▶ Given information:
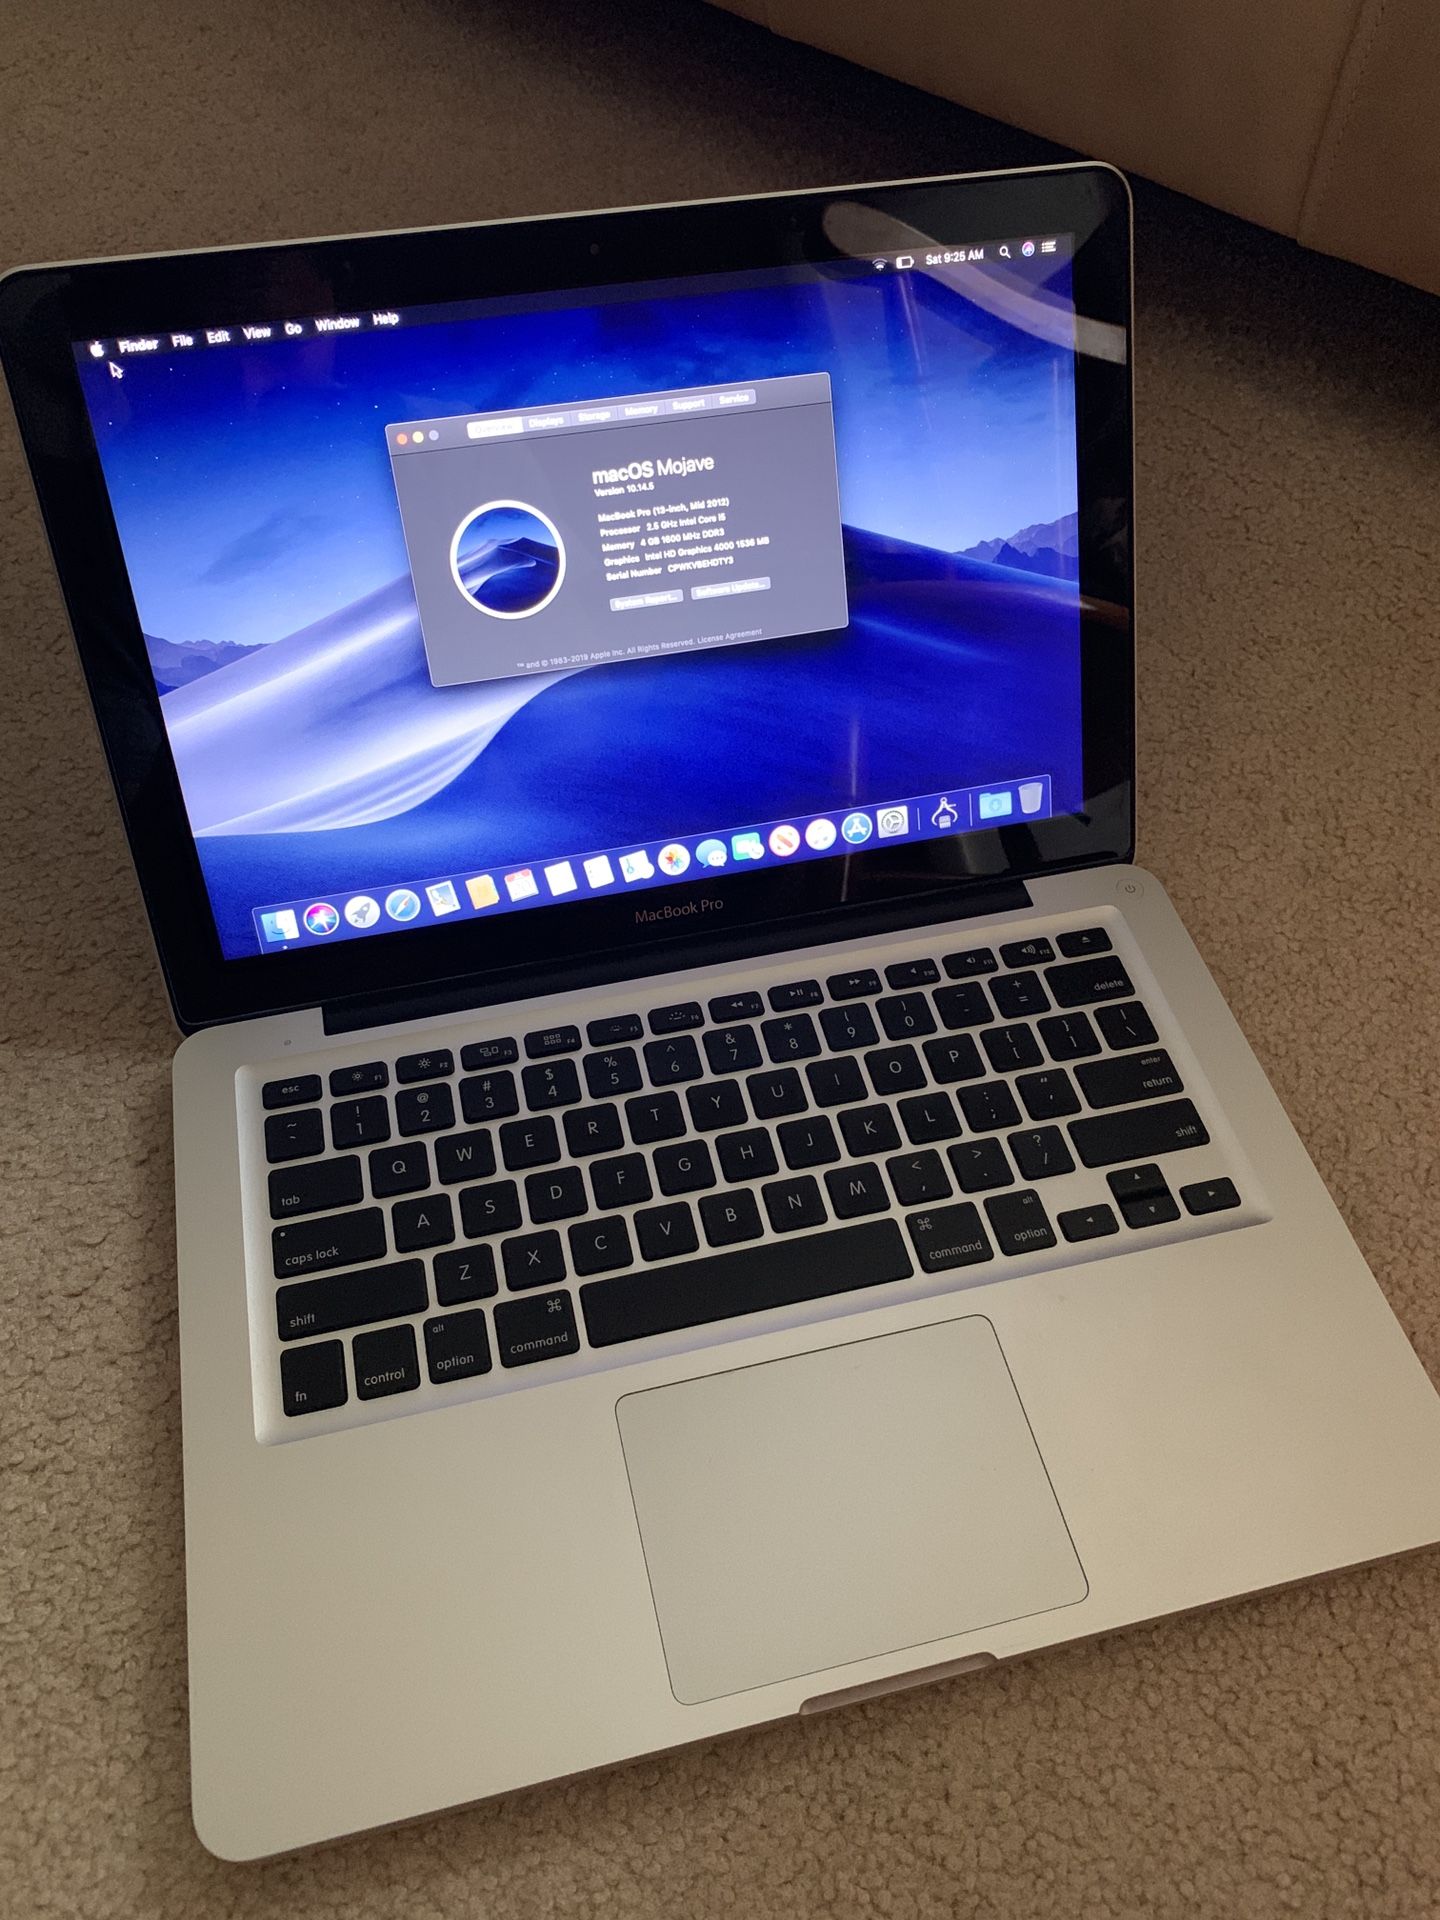 MacBook Pro 13” i5/4/240gb with Microsoft office 2016
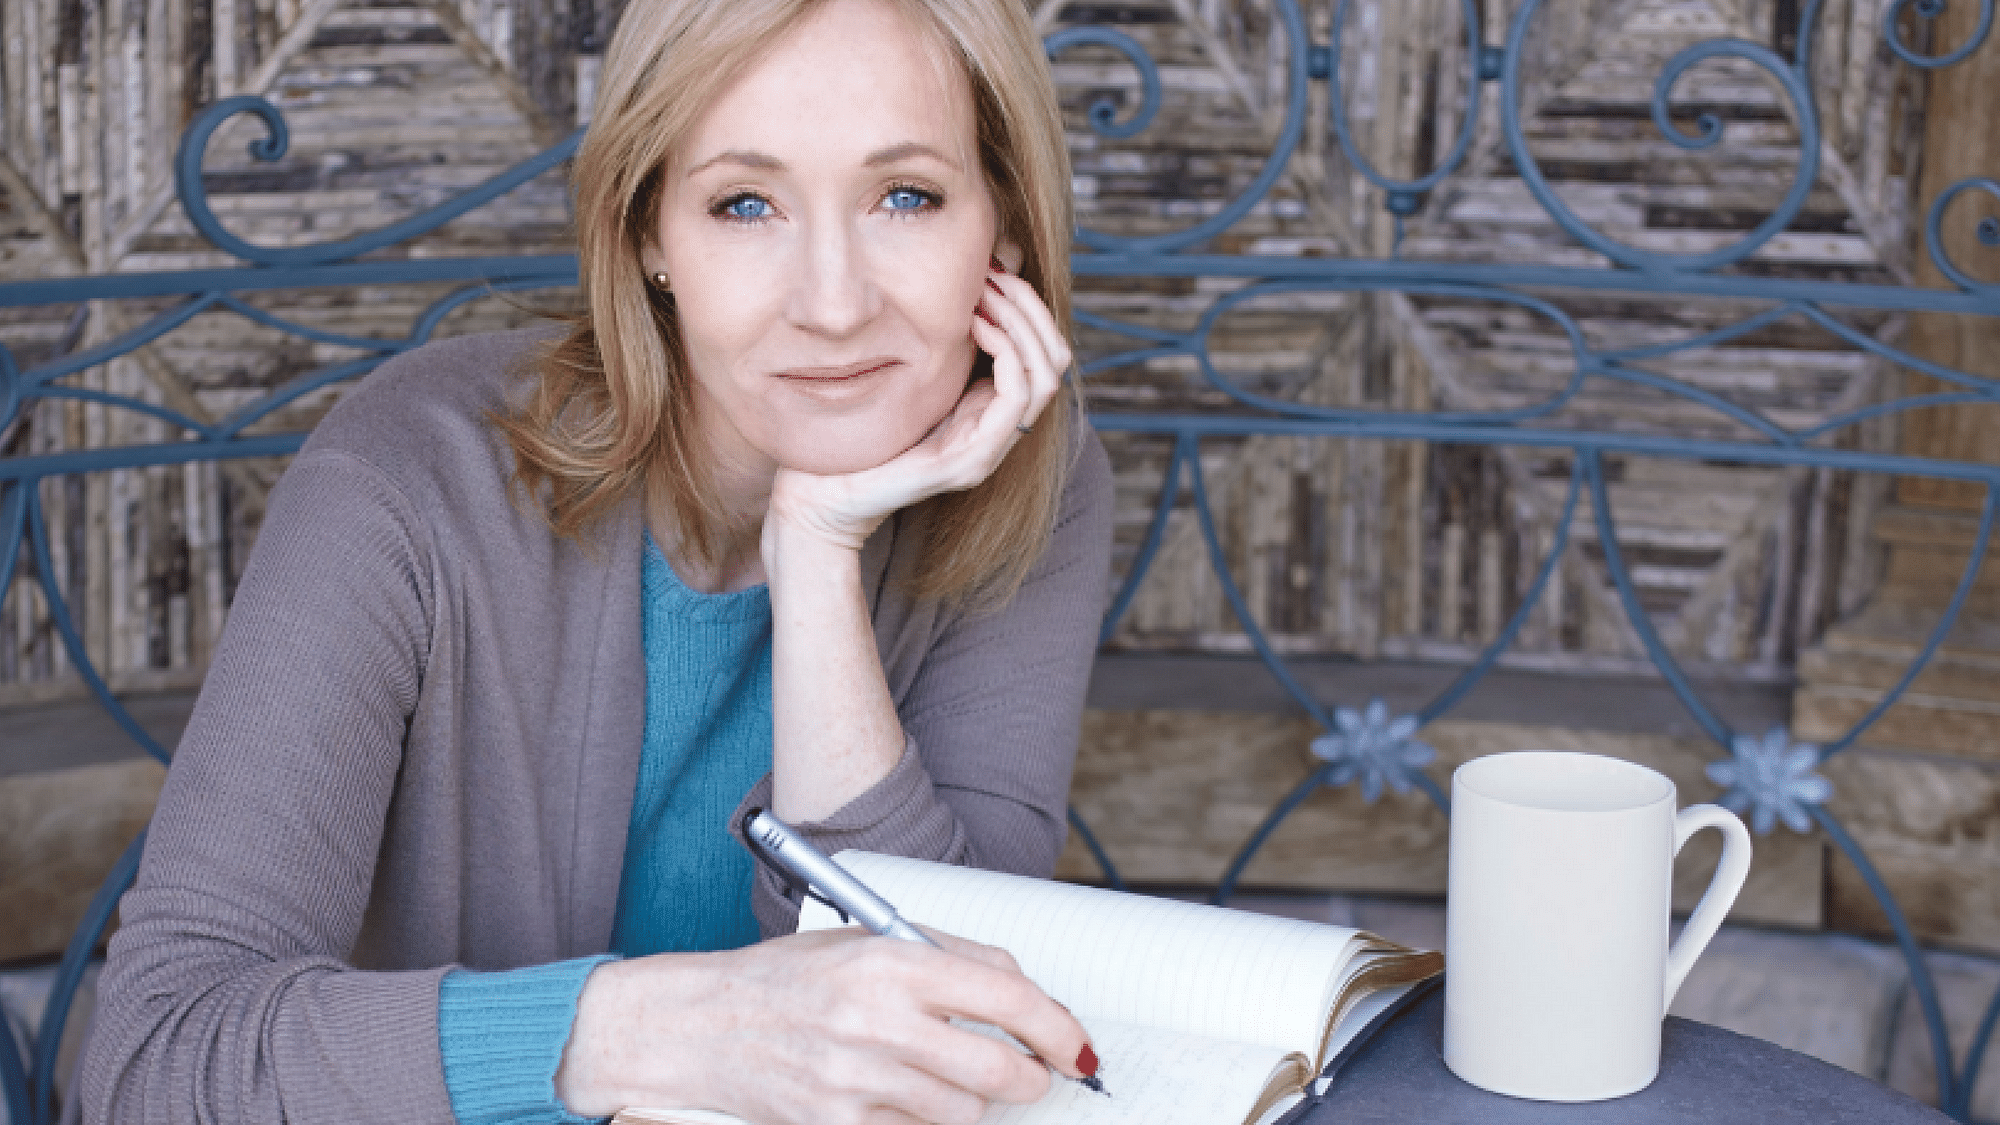 Novelist JK Rowling and TV personality Piers Morgan were locked in an intense Twitter battle. (Photo Courtesy: Wikimedia Commons)
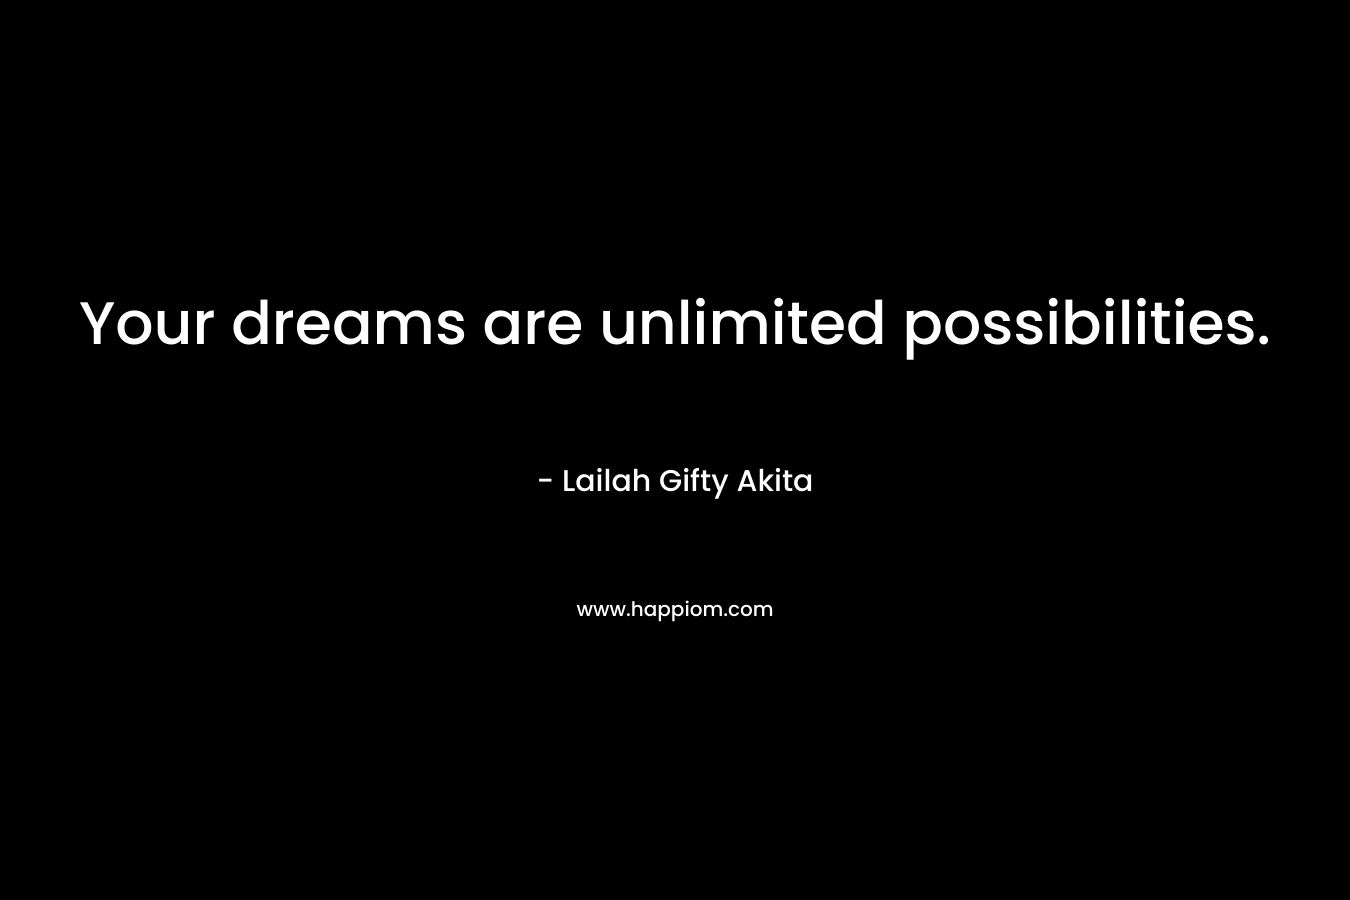 Your dreams are unlimited possibilities. – Lailah Gifty Akita

▶ What you need to do: Give back the material above exactly as written, but omit the images.

▶ Exercise solution:
 MacBook Pro 13” i5/4/240gb with Microsoft office 2016
 Novelist JK Rowling and TV personality Piers Morgan were locked in an intense Twitter battle. (Photo Courtesy: Wikimedia Commons)
 Your dreams are unlimited possibilities. – Lailah Gifty Akita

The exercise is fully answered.